Subject: Machine Design -I

Topic: Design against static Loads, Bolted and welded joints under eccentric loading. Power Screw

Difficulty: Medium

Step 1: Selection of material:

The rods are subjected to tensile force and strength is the criterion for the selection of rod material. On the basis of strength, the material of the two rods and the cotter is selected as plain carbon steel of Grade 30C8 (Syt=400MPa)

Step 2: Selection of factor of safety:

The FOS for the rods, spigot end and socket end is assumed as 6, while for cotter, it is 4. Ther are two reasons for assuming a lower FOS for the cotter. They are as follows.

(i). No stress concentration on the cotter. (ii). Low cost of the cotter.
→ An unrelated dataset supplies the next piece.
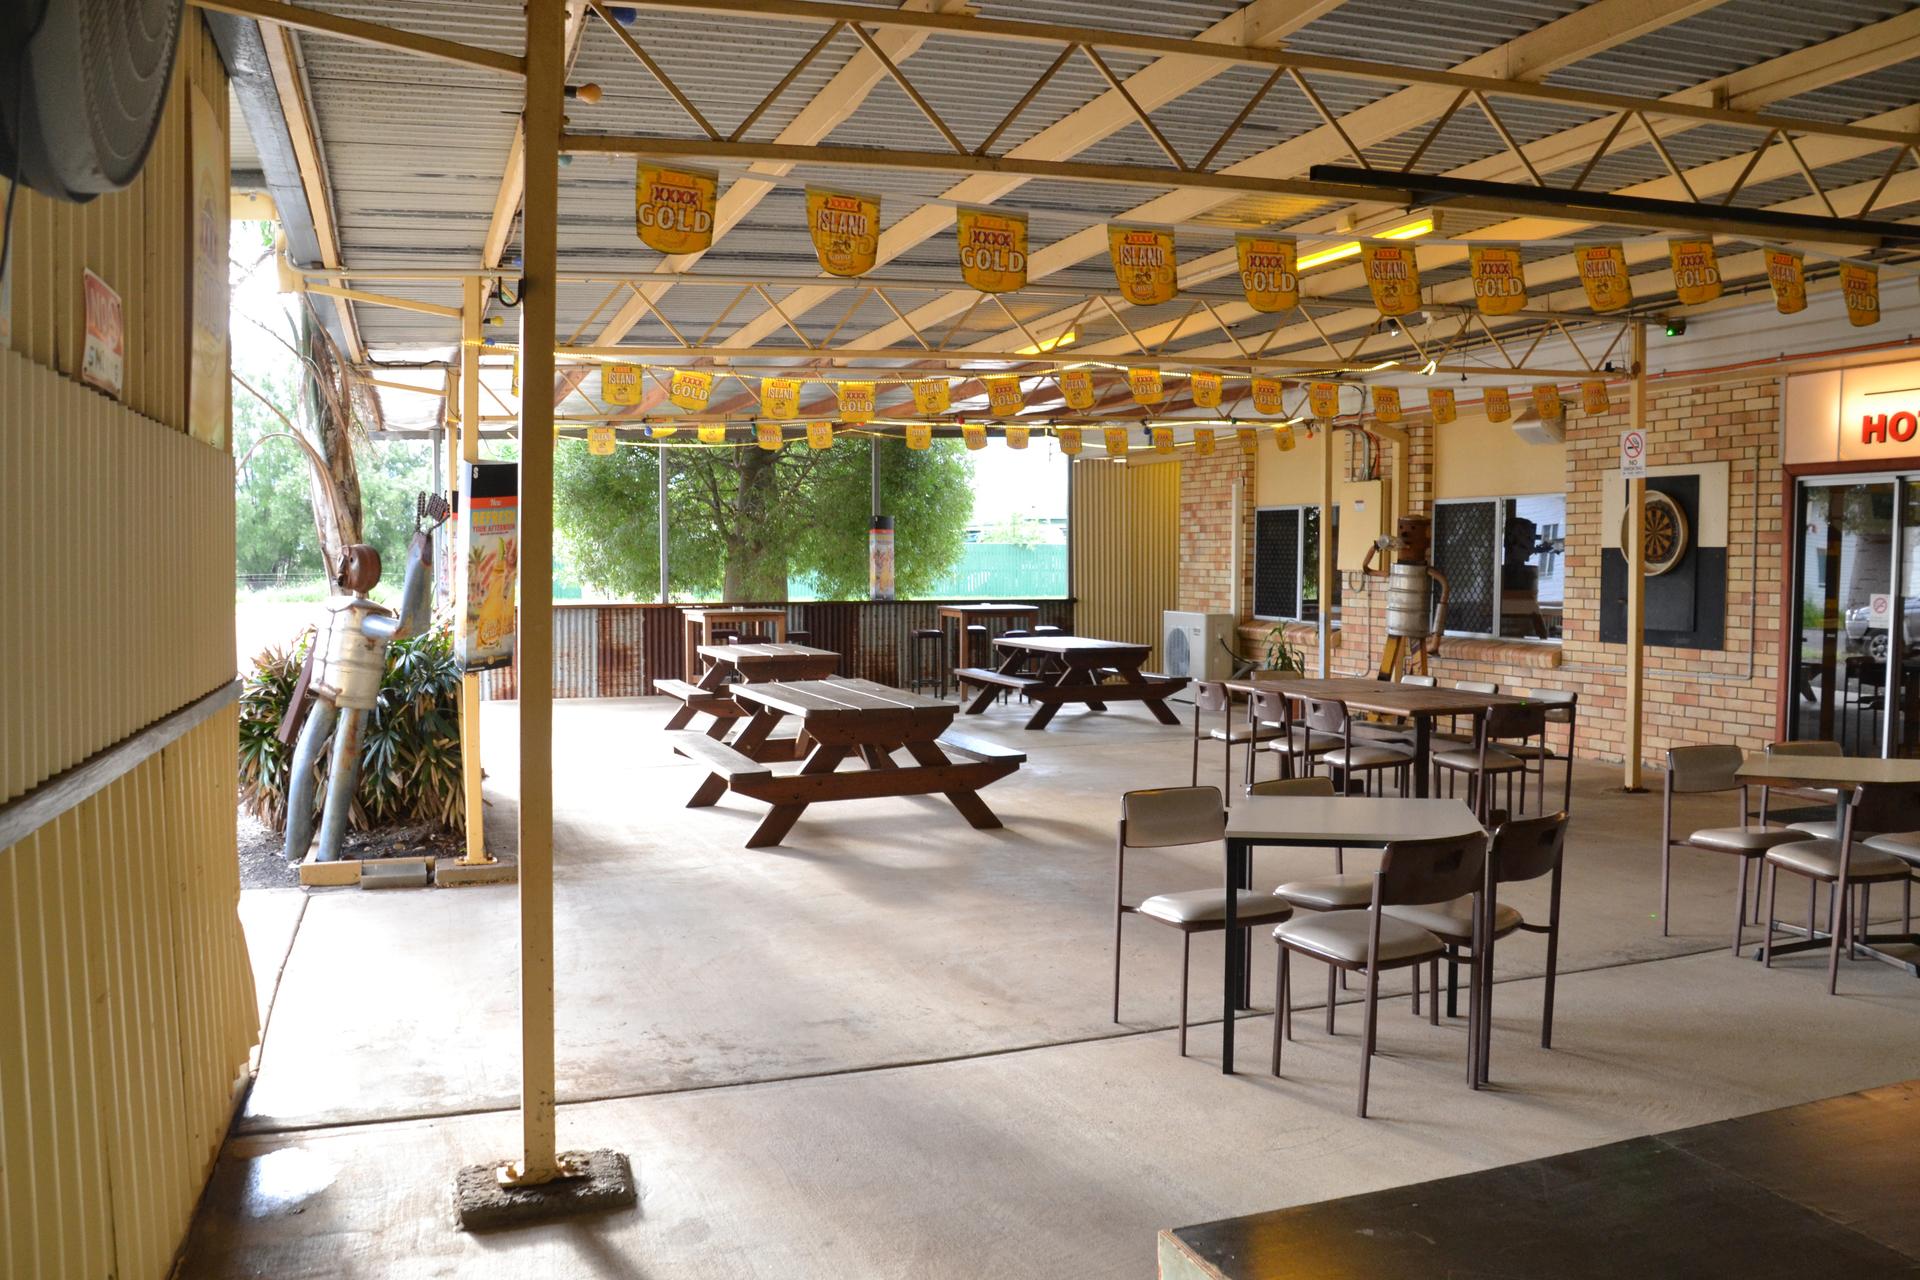 b - Yuleba Hotel Motel and Diner
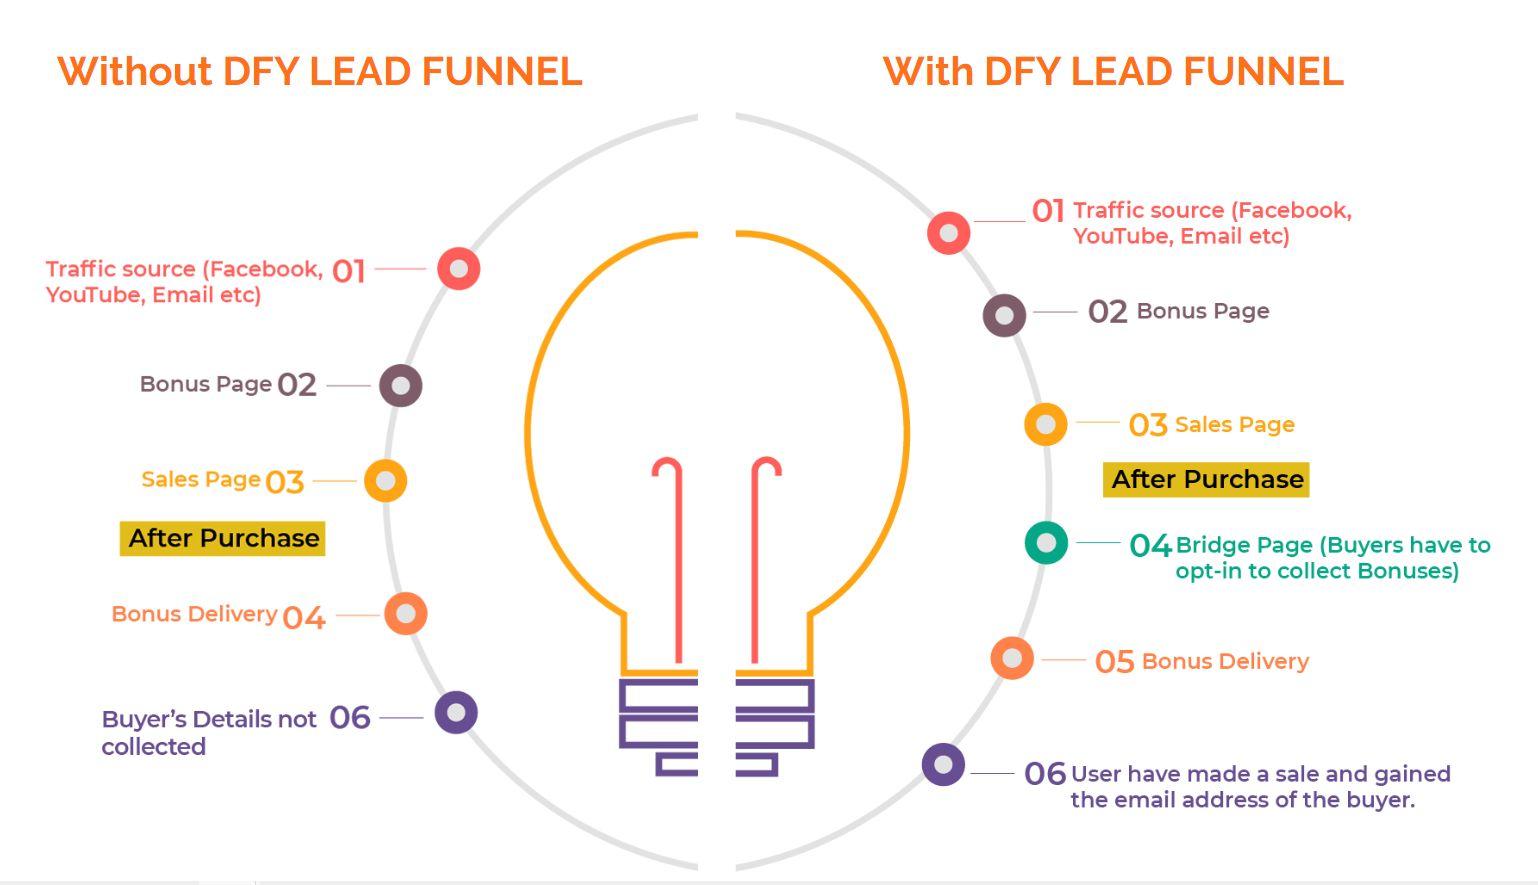 DFY-LeadFunnels-Benefits

Step 3: Calculation of permissible stresses:

$\sigma_t=\frac{S_yt}{fs}=\frac{400}{6}=66.67N/mm^2$

$\sigma_t=\frac{S_yc}{fs}=\frac{2*400}{6}=133.33N/mm^2$

$\tau=\frac{S_sy}{fs}=\frac{0.5*400}{6}=33.33N/mm^2$

Permissible stresses for the cotter are as follows:

$\sigma_t=\frac{S_yt}{fs}=\frac{400}{4}=100N/mm^2$

$\tau=\frac{S_sy}{fs}=\frac{0.5*400}{4}=50N/mm^2$

Step 4: Calculation of dimensions:

Diameter of rods:

$d=\sqrt\frac{4P}{\pi \sigma_t}$=$\sqrt\frac{4(50*10^3)}{\pi (66.67)}=30.90 or 32mm$

Thickness of cotter:

$t=0.31d=0.31(32)=9.92 or 10mm$

Diameter(d2) of spigot:

$P=[\frac{\pi}{4}d_2^2-d_2t]*\sigma_t$

$50*10^3=[\frac{\pi}{4}d_2^2-d_2*10]*66.67$

$d_2^2-12.73d_2-954.88=0$

$d_2=\frac{12.73 \pm \sqrt(12.73^2-4(-954.88))}{2}$

$d_2=37.91 or 40mm$

Outer diameter (d1) or socket:

$P=[\frac{\pi}{4}(d_1^2-d_2^2)-(d_1-d_2)t]*\sigma_t$

$50*10^3=[\frac{\pi}{4}(d_1^2-40^2)-(d_1-40)10]*66.67$

$or d_1^2-12.73d_1-2045.59=0$

$d_1=\frac{12.73 \pm \sqrt12.73^2-4(-2045.59)}{2}$

$d_1=52.04 or 55mm$

Diameters of spigot collar(d3) and socket collar(d4):

$d_3=1.5d=1.5(32)=48mm$ $d_4=2.4d=2.4(32)=76.8 or 80mm$

Dimensions a and c

$a=c=0.75d=0.75(32)=24mm$

Width of cotter:

$b=\frac{P}{2 \tau t}=\frac{50*10^3}{2*50*10}=50mm$

Check for crushing and shear stresses in spigot end:

$\sigma_c=\frac{P}{td_2}=\frac{50*10^3}{10*40}=125N/mm^2$

$\tau=\frac{P}{2ad_2}=\frac{50*10^3}{2*24*40}=26.04N/mm^2$

Check for crushing and shear stresses in socket end:

$\sigma_c=\frac{P}{(d_4-d_2)t}=\frac{50*10^3}{(80-40)(10)}=125 N/mm^2$

$\tau=\frac{P}{2(d_4-d_2)c}=\frac{50*10^3}{2(80-40)(24)}=26.04 N/mm^2$

$\sigma_c \lt 133.33 N/mm^2 and \tau\lt33.33 N/mm^2$

The stresses induced in the spigot and the socket ends are within limits.

Thickness of spigot collar:

$t_1=0.45d=0.45(32)=14.4 or 15mm$

The taper for the cotter is 1 in 32.